My neighbours have replaced electric storage heaters with Fischer electric heaters that you can control the room temperature. They seem very efficient but expensive to buy I think. My old storage heaters get hot but don't heat the room very well, the floor especially always feels cold. We have no gas here.
a kilowatt is a kilowatt is a kilowatt, however much babble there is in the ad campaign. All electric heaters have the same efficiency.
if you are on an economy 7 tariff, the day rate will be high so running the heaters on that will cost you more. A storage heater is a brick that heats up - what makes you think they are worn out?
not my heater but mine looks like this and in a very similar state: i454.photobucket.com/albums/qq262/Dalecarface/Mainstorage.jpg
it's ugly! and also sometimes won't switch on properly.
i'm not in during the day so i feel like i'm not getting the most out of storage heaters.
there's also this one: www.argos.co.uk/product/4154086
i have an immersion tank to heat water. yes no gas annoyingly.
no heater is a pretty thing.
if it doesn't switch on properly that needs fixing. Are you on economy 7? Can you get economy 10? Are you heating your water in the cheap rate?
the Argos heater will cost you 2.5 times your unit rate per hour to run.
With no gas you don't have an alternative really.
As you are not at home during the day, you will not be getting the best use out of storage heaters, though it is rumoured that more modern ones are better insulated and more able to stay hot until evening.
Does your bedroom get too cold overnight?
What are the dimensions and colour of your hot water cylinder? There may be scope for improving economy.
Do you know your meter reading history? (not the bill amount).
It would be useful to know you peak/offpeak usage in winter and in summer.
OK, thanks, I see the photo of the heater. To me it just looks very dirty, and I think there is fluff or thick dust in the slots, which might vacuum out. It is possible to take the covers off, but it would be best to have an electrician do that, safely.
Is the paint actually damaged, for example chipped or scratched by having things dropped on it?
You could buy new heaters, but apart from being clean and unchipped, there might not be any benefit.
It's possible to buy new heaters which incorporate both storage and a convection or fan heater. They cost some hundreds of pounds. It is usual to have them fitted by an electrician, because they are delivered as an electric heater (quite light) and a pallet of thermal bricks which are assembled inside the heater casing once it is installed.
You can hear the noise of a fan, especially as it ages and becomes worn.
Thanks for the links, PigletJohn.
Sorry for the dumb question but does the kW refer to how much it costs to run or the power of the heat?
A kW - kilowatt - is a unit of power.
Electricity is sold in kilowatt hours, which is the amount of power needed to run a one kilowatt appliance for one hour. So a 3kw appliance will use three units an hour.
If your unit price is 15p, your 3kw appliance costs 45p an hour to run. You also pay a daily standing charge.

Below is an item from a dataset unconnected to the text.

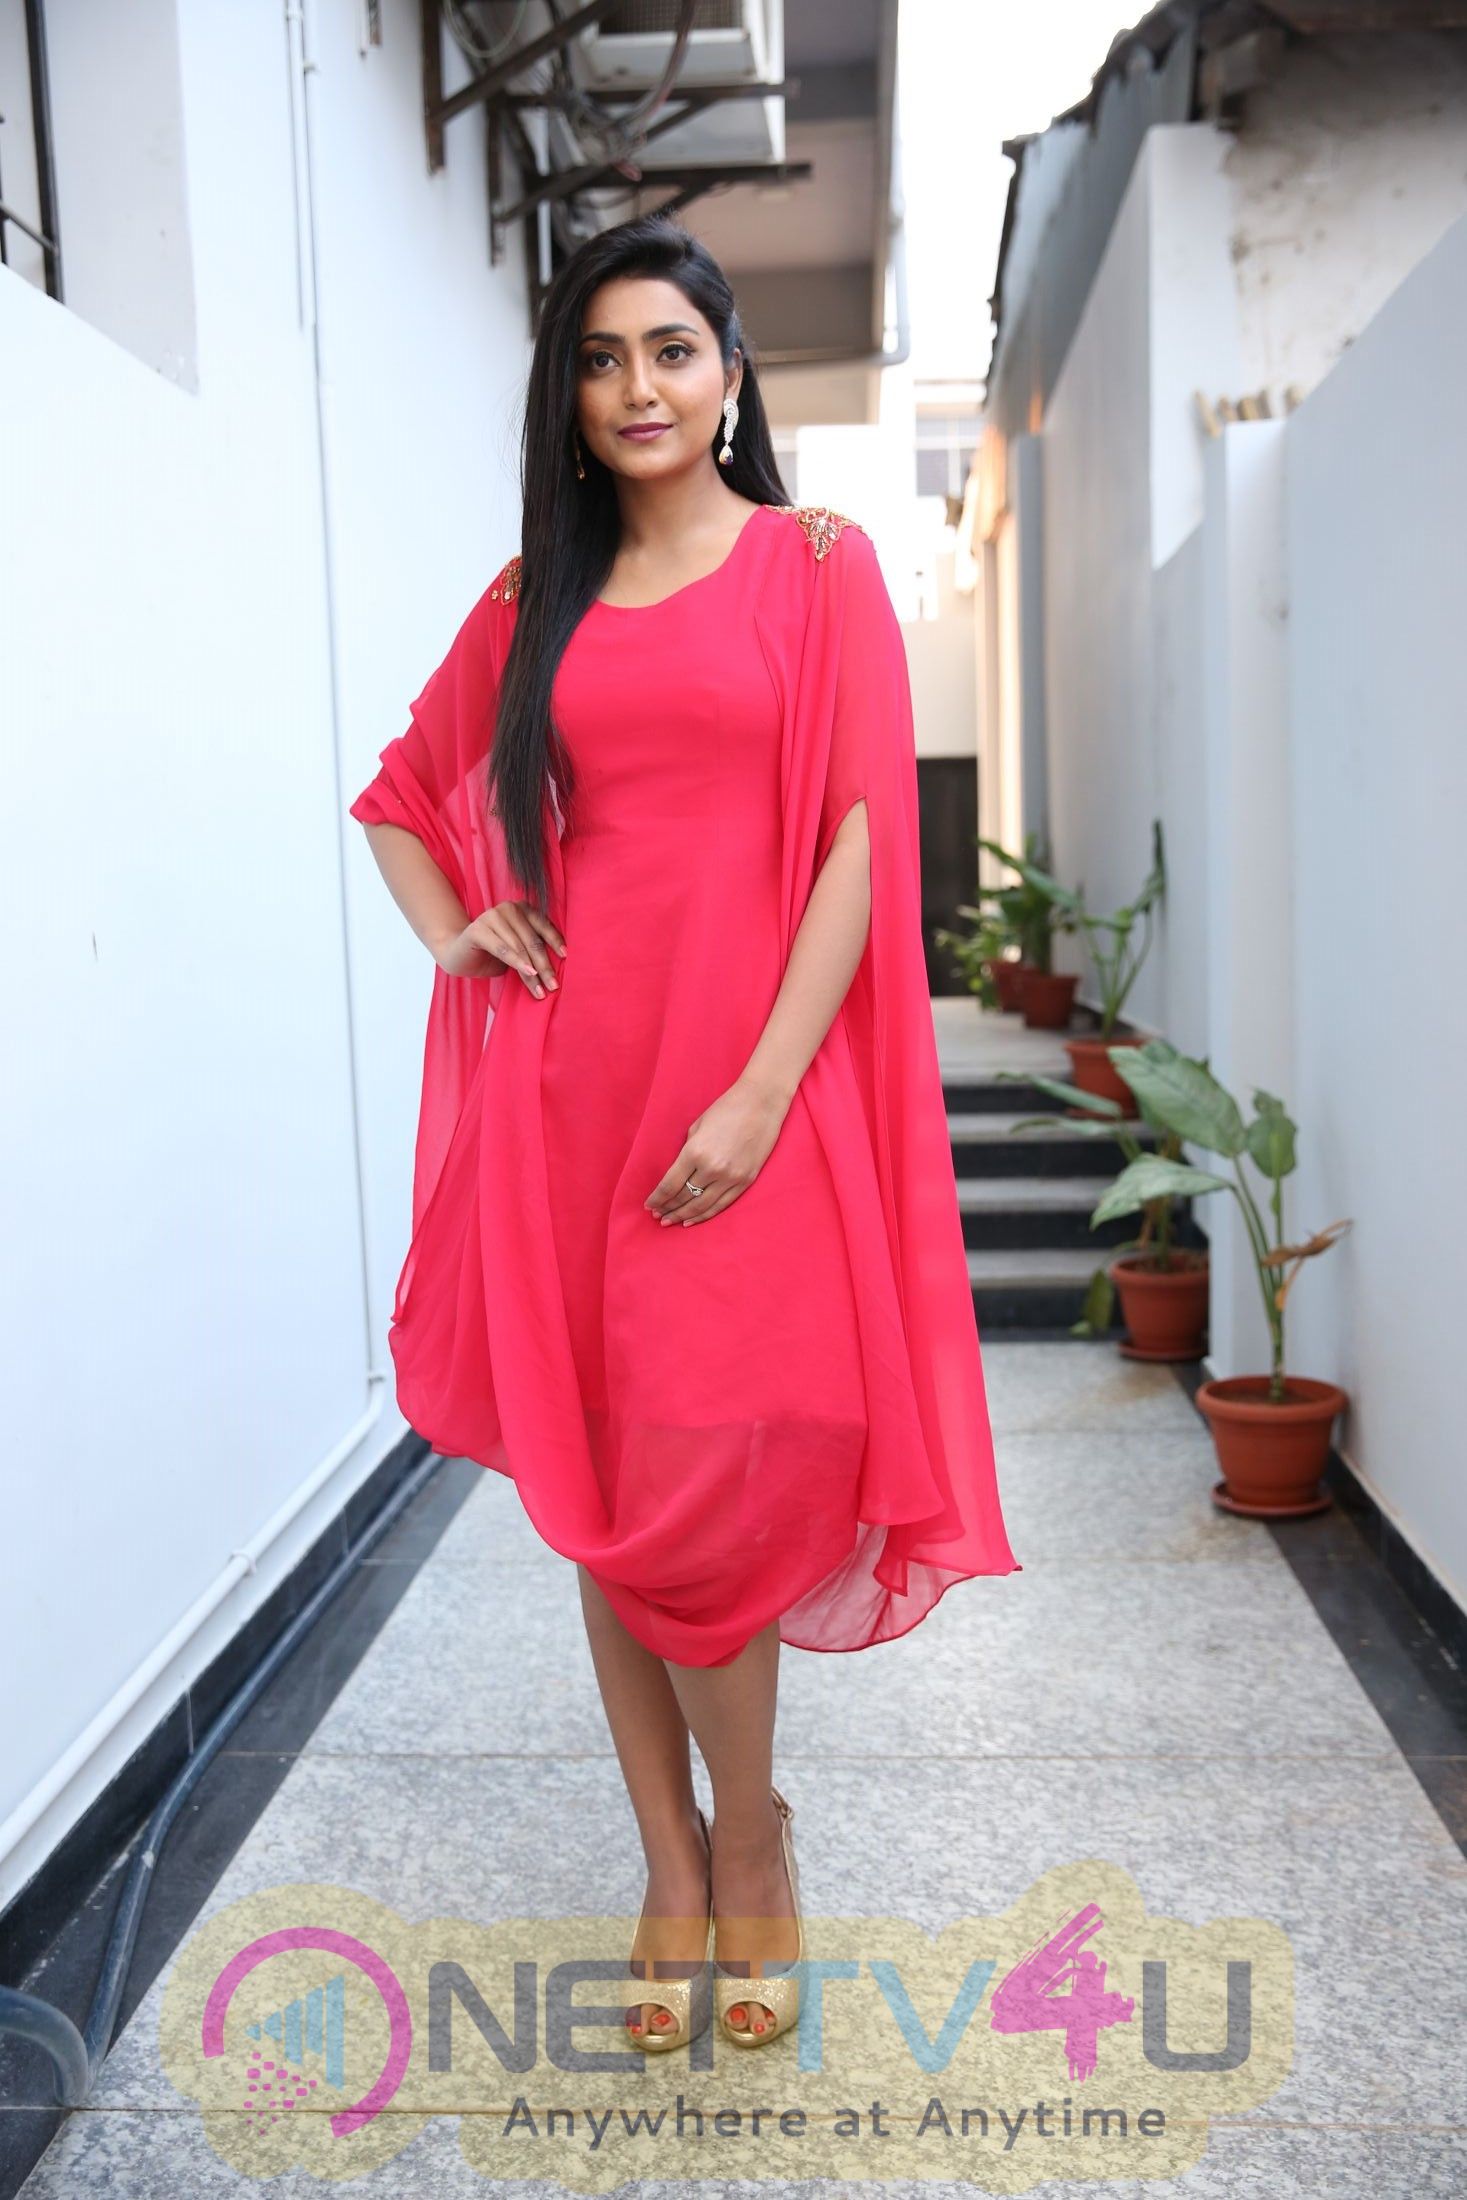 Actress Avantika Mishra Cute Photos Telugu Gallery

Thanks, specialsubject! So increased kW doesn't mean it's more powerful/gives out more heat?
yes it does.
Twice the kW means twice the heat and twice the cost
but as Special says, cost is power multiplied by time.

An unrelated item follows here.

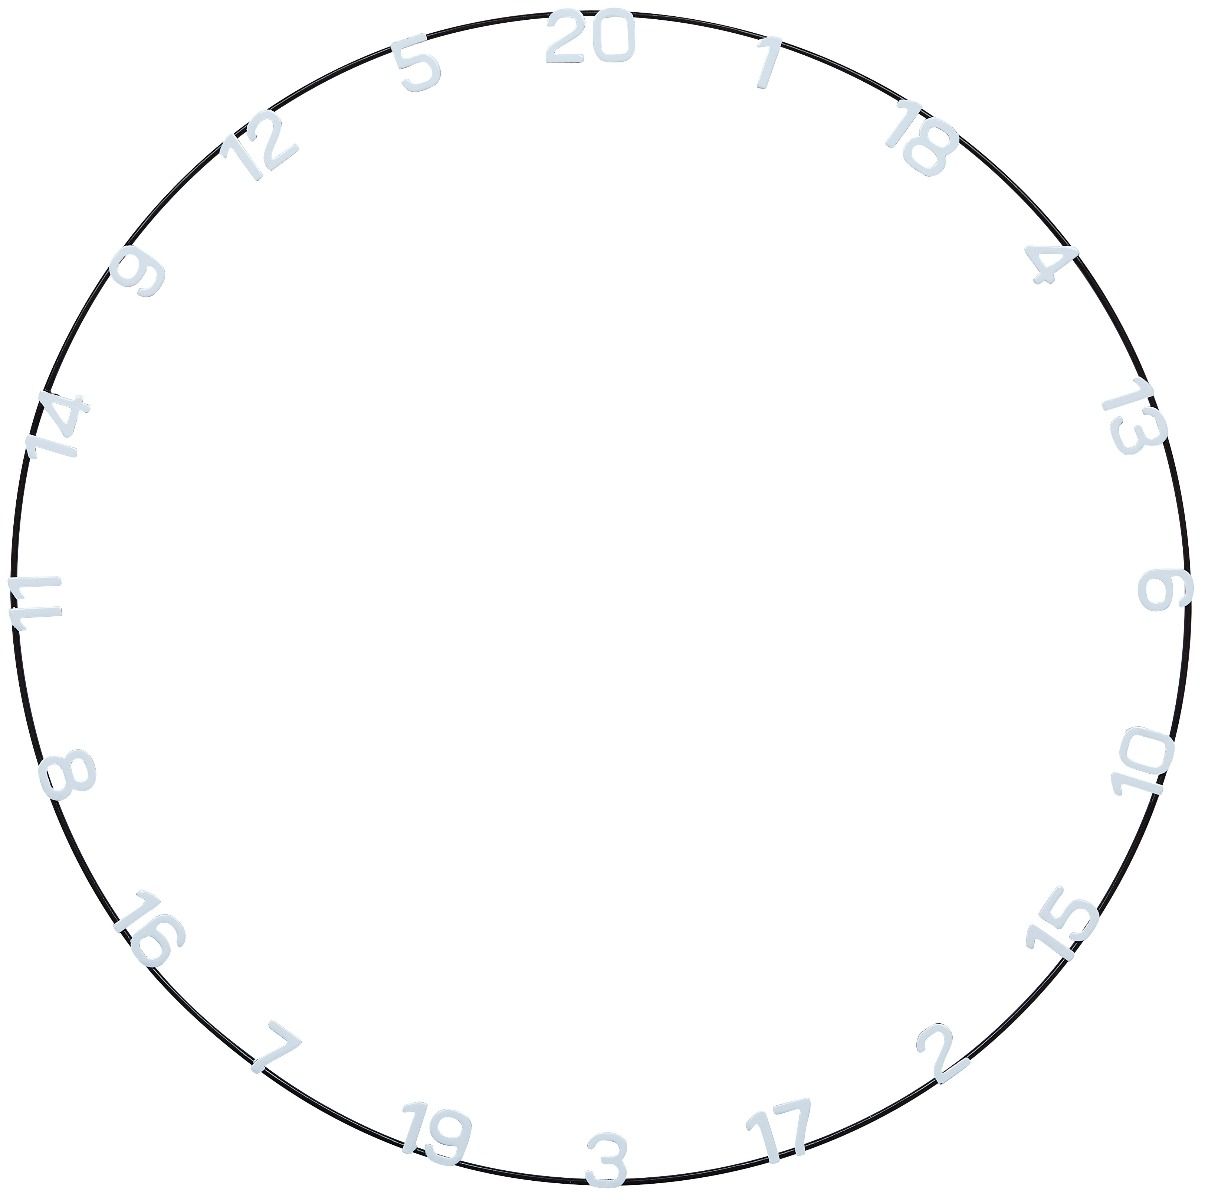 Unicorn Eclipse Ultra Number Ring - darts-corner - UNICORN

For convenience, it is expressed as kWh, meaning the amount that a 1kW appliance would use in one hour.
Appliances are described in the power they use, in kW.

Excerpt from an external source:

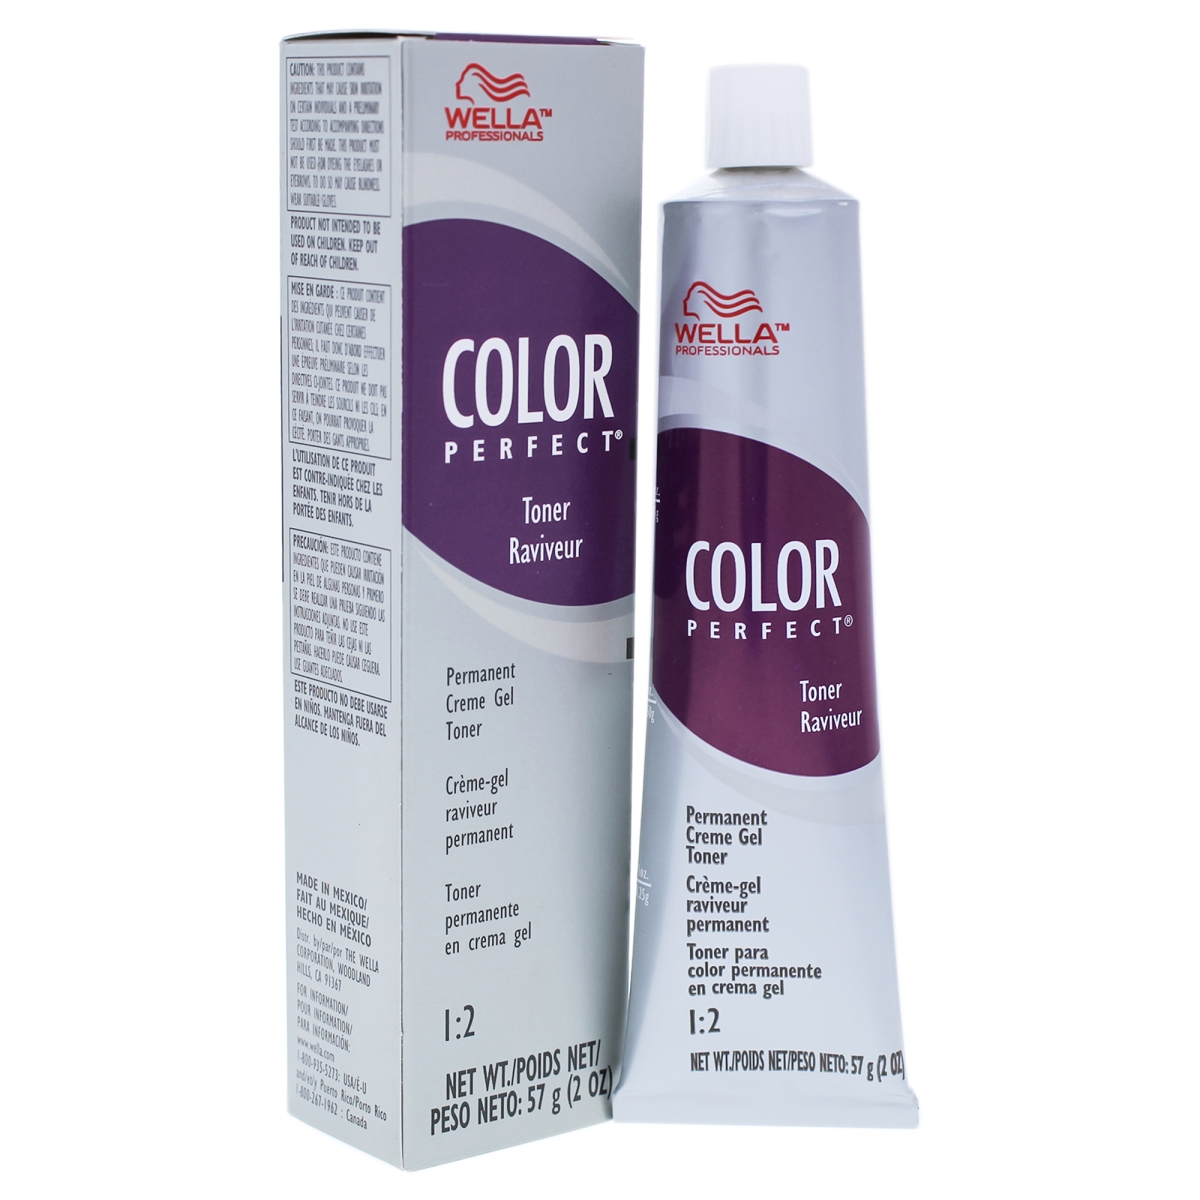 I0086927 Color Perfect Permanent Creme Gel Toner Hair Color For Women - T11a Lightest Ash Blonde - 2 Oz

A powerful plug-in heater is 3kW (that's the most you can have, though a domestic UK plug. Other countries may be less). Which is enough for a medium-sized room with reasonable insulation. A larger room will be more evenly heated with a heater at each end.
A 3kW fan heater costs the same to run per hour as a 3kW convector or a 3kW oil-filled radiator, and gives out exactly the same amount of heat. A 3kW storage radiator also gives out the same amount of heat and uses the same amount of electricity in an hour, but it normally uses cheap overnight tariff, at about half price, and the heat leaks out during the day.